● **Task goal**: Apart from the pictures, every line below needs to be reproduced verbatim.

● **Dataset extract**:
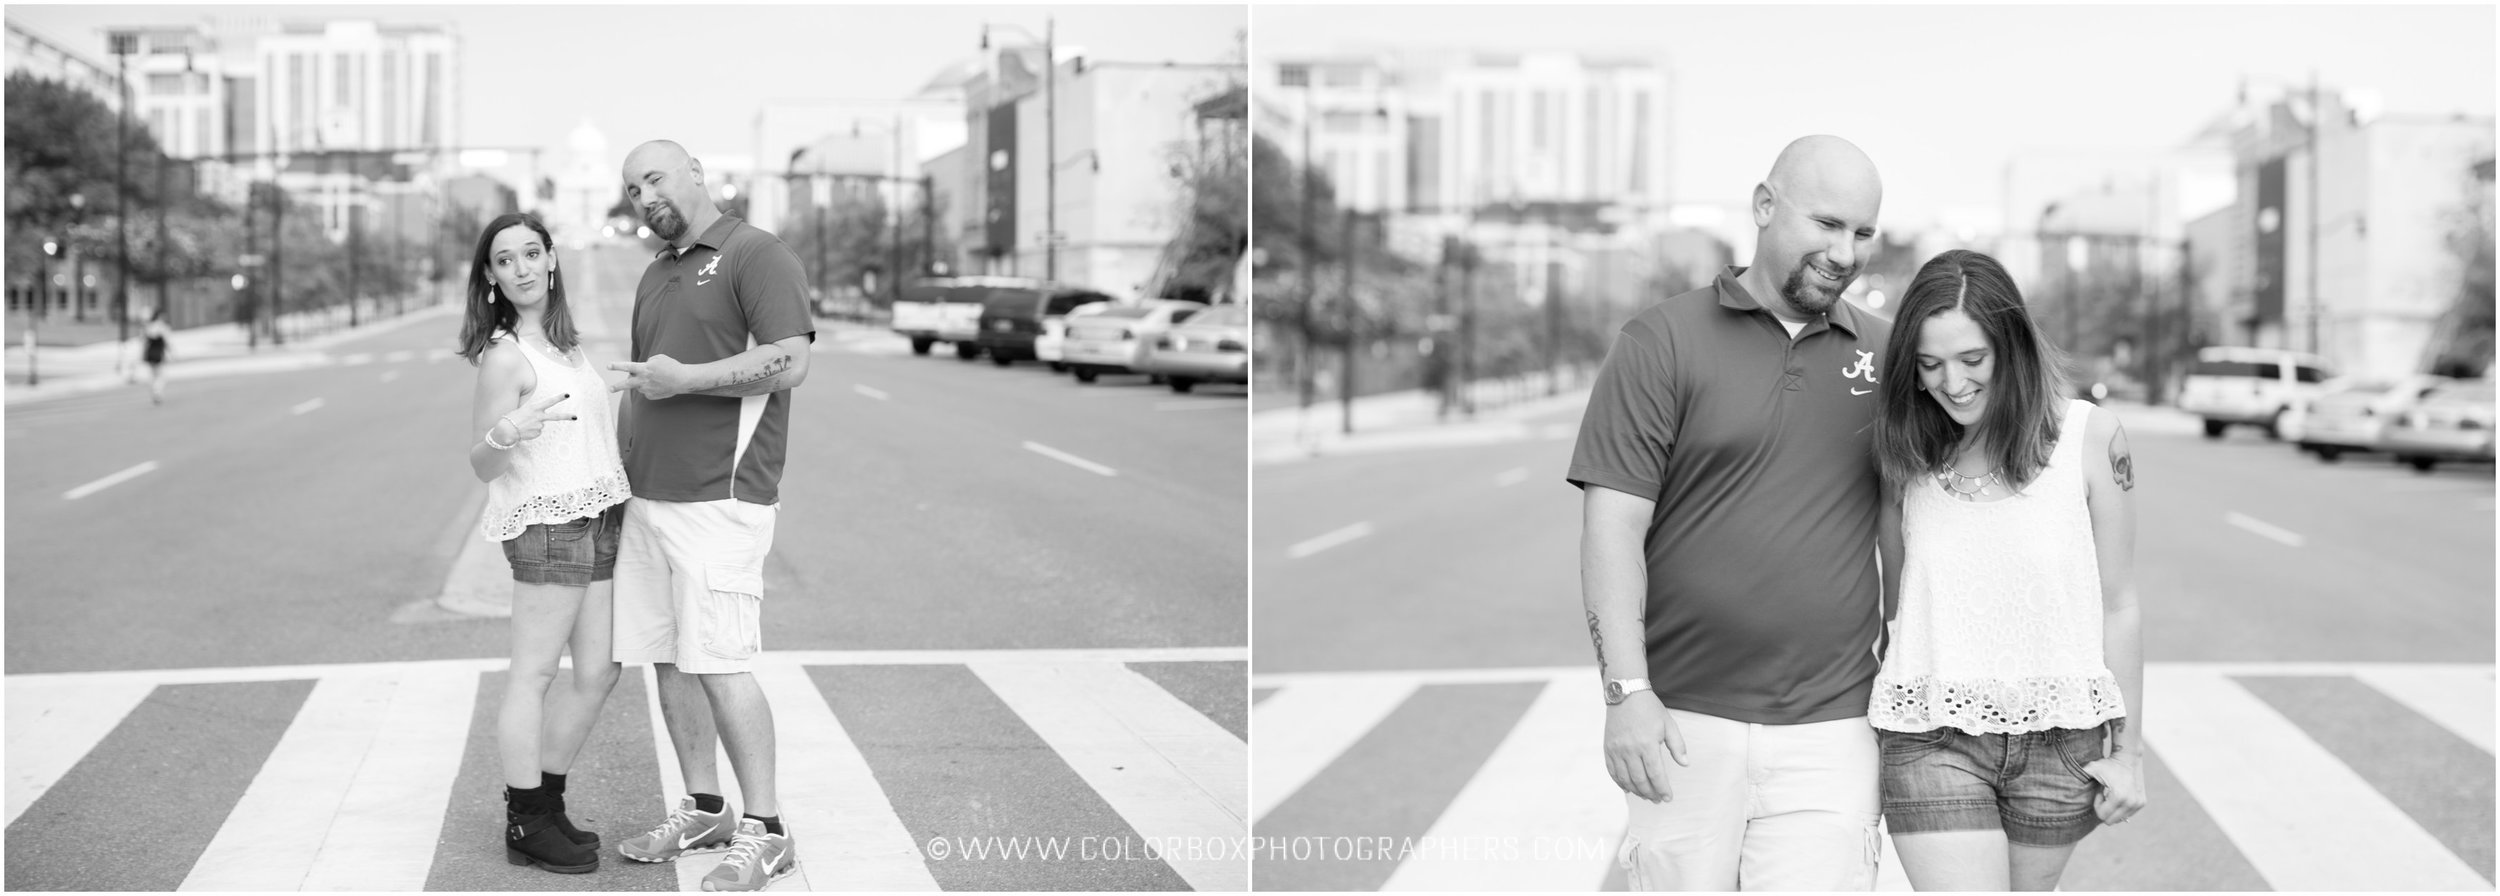 colorboxphotographers_4294.jpg
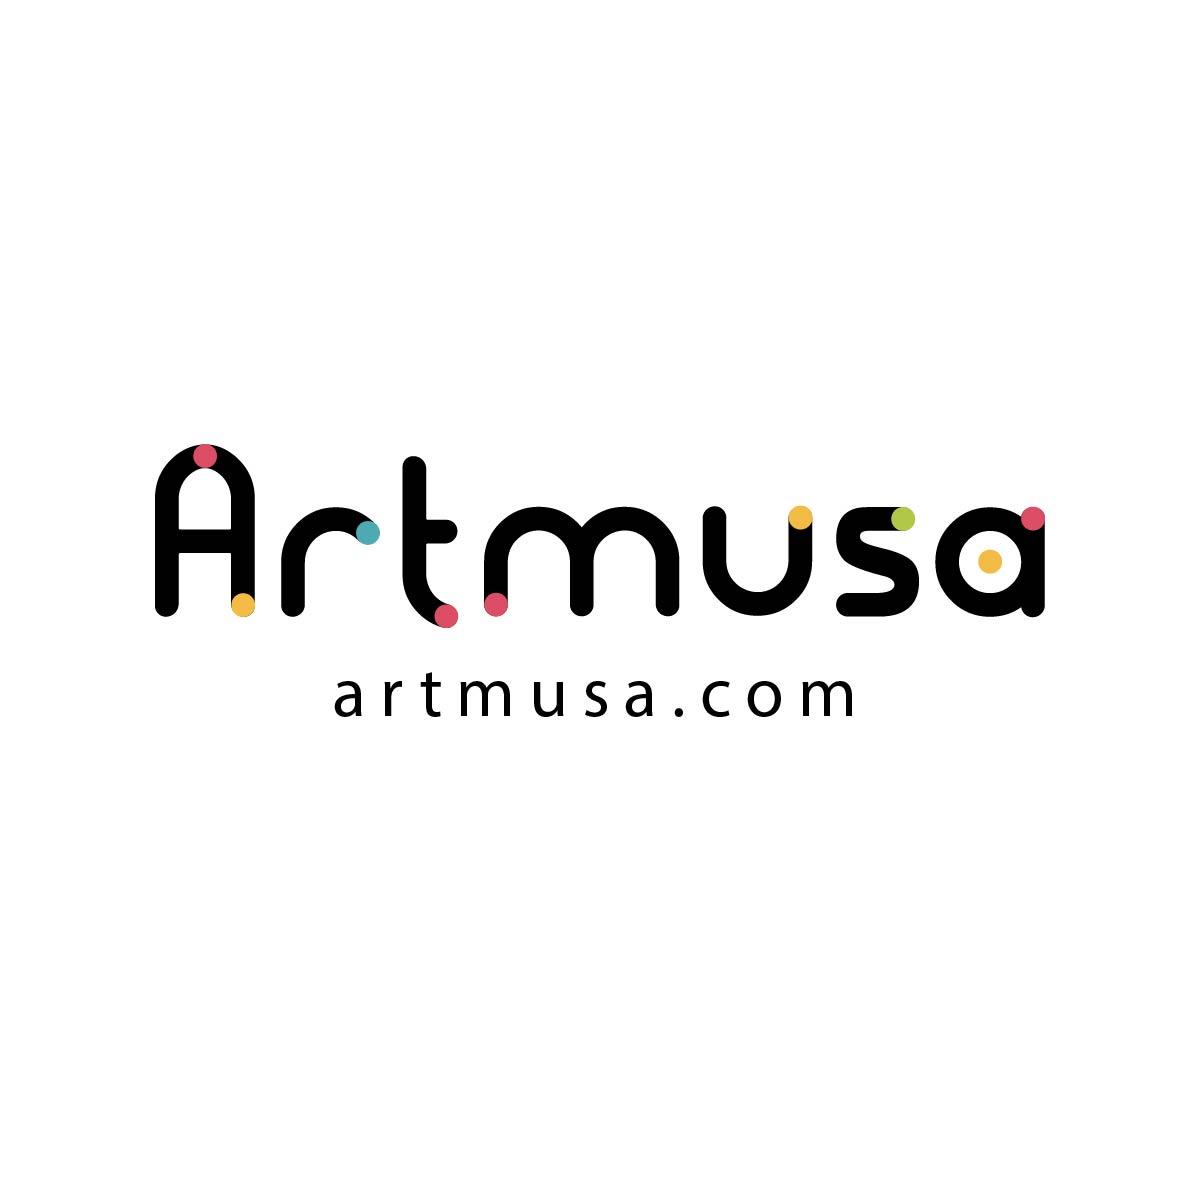 Artmusa
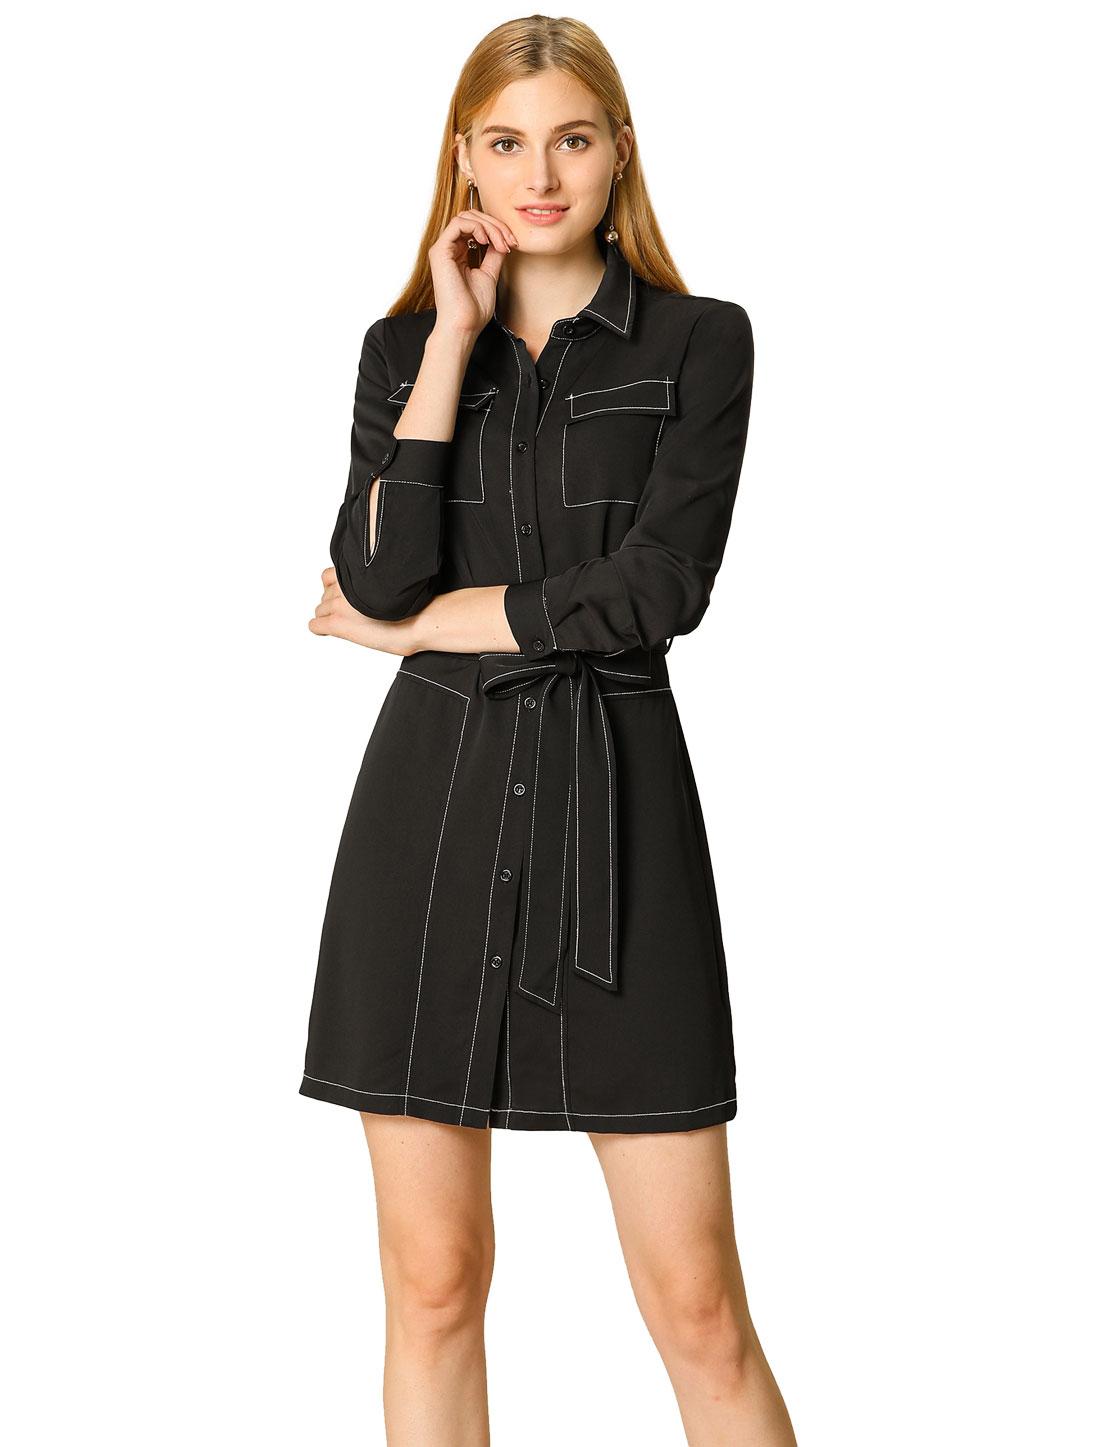 Allegra K Women's Contrast Long Sleeves Belted Waist Dress Black S
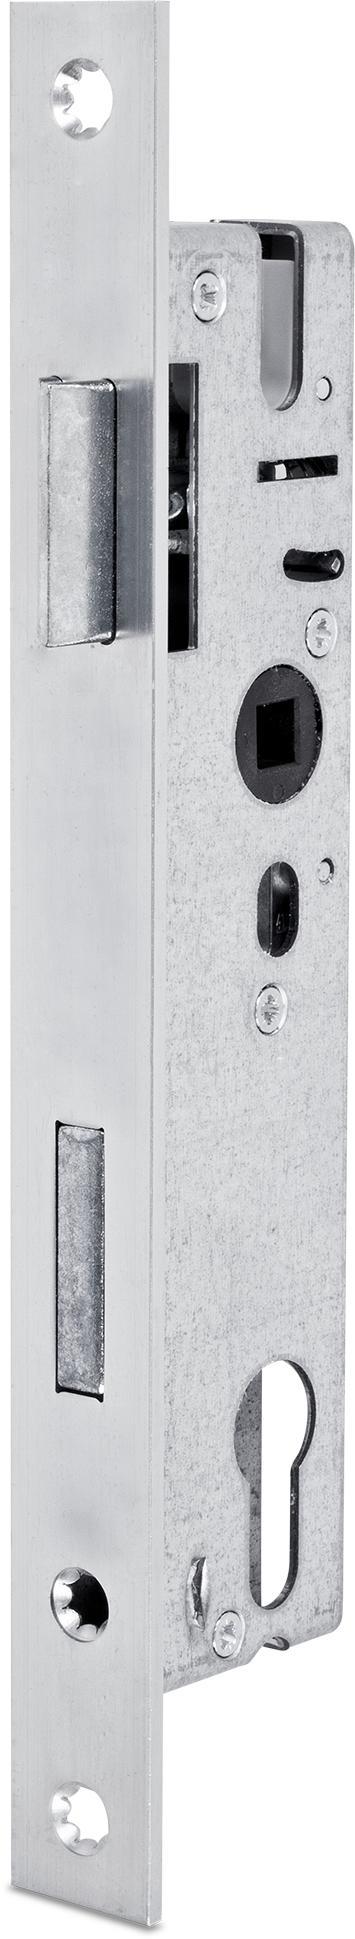 Einsteckschloss mit Wechsel, Dornmaß 18 mm, Entfernung 92 mm, Vierkantnuss 8 mm, Falle und Riegel bündig, DIN rechts / links verwendbar

● **Written solution**:
 colorboxphotographers_4294.jpg
 Artmusa
 Allegra K Women's Contrast Long Sleeves Belted Waist Dress Black S
 Einsteckschloss mit Wechsel, Dornmaß 18 mm, Entfernung 92 mm, Vierkantnuss 8 mm, Falle und Riegel bündig, DIN rechts / links verwendbar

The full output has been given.